8. Conceding that the statement was a false statement, the contract is voidable contract, which means that it is voidable at the option of the party whose consent was caused by any fraudulent suppression of fact. Section 19 of the Contract Act provides:--
'When consent to an agreement is caused by coercion, fraud or misrepresentation, the agreement is a contract voidable at the option of the party whose consent was so caused. A party to a contract, whose consent was caused by fraud or misrepresentation, may if he thinks fit, insist that the contract shall be performed, and that he shall be put in the position in which he would have been if the representation made had been true.

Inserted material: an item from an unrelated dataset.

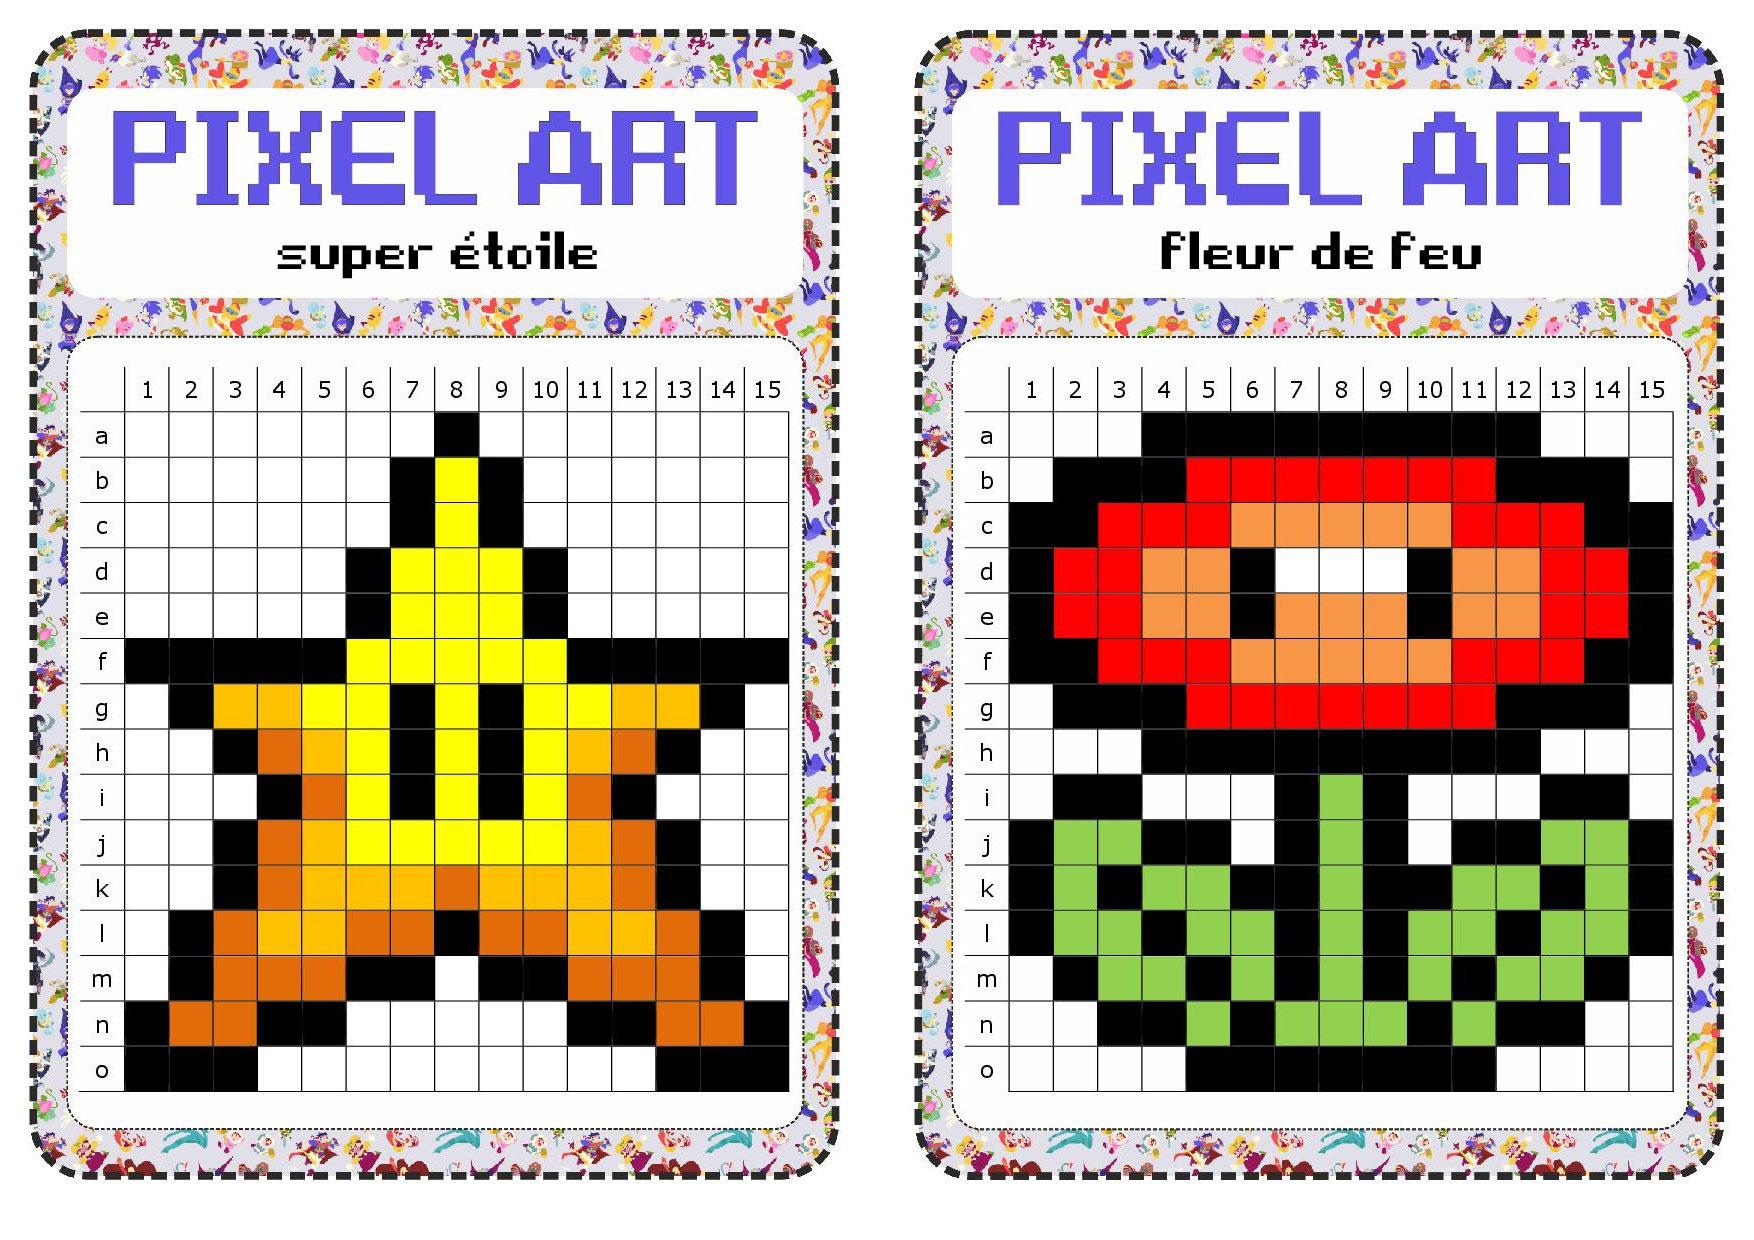 Atelier Libre : Pixel Art - Fiches De Préparations (Cycle1 avec Quadrillage À Imprimer

Exception:-- If such consent was caused by misrepresentation or by silence, fraudulent within the meaning of Section 17, the contract nevertheless, is not voidable, if the party whose consent was so caused had the means of discovering the truth with ordinary diligence.'
'Fraud' has been defined in Section 17 of the Contract Act as meaning and including any of the following acts committed by a party to a contract, or with his connivance, or by his agent, with intent to deceive another party thereto or his agent, or to induce him to enter into the contract:--
'(1) the suggestion, as a fact, of that which is not true, by one who does not believe it to be true;
(2) the active concealment of a fact by one having knowledge or belief of the fact;XX XX XX'
(other parts of the section need not be extracted as they are not relevant).
The exception to this section provides cases which are excluded from the mischief of Section 19 read with Section 17 of the Indian Contract Act. If the insurer whose consent was go caused had the means of discovering the truth with ordinary diligence that the assured had hydrocele, the contract would be binding despite the fraud committed by the assured. In this connexion the evidence is that the defendant had his own medical officer who examined the assured and submitted his confidential report. There is no evidence that the medical officer gave a false report having been gained over by the assured and, as such the Exception fully operates in this case. Therefore even though the assured concealed the fact of having a hydrocele or made a false statement of that fact in his personal statement, nevertheless the contract cannot be avoided by the defendant on account of the operation of the Exception to Section 19 of the Contract Act. In my opinion, even under the general law of contract, the policy of life insurance cannot be called in question by the defendant.
9. In my opinion, the decision of the Court below is correct. The appeal, accordingly fails and is dismissed with costs. Appeal dismissed with costs.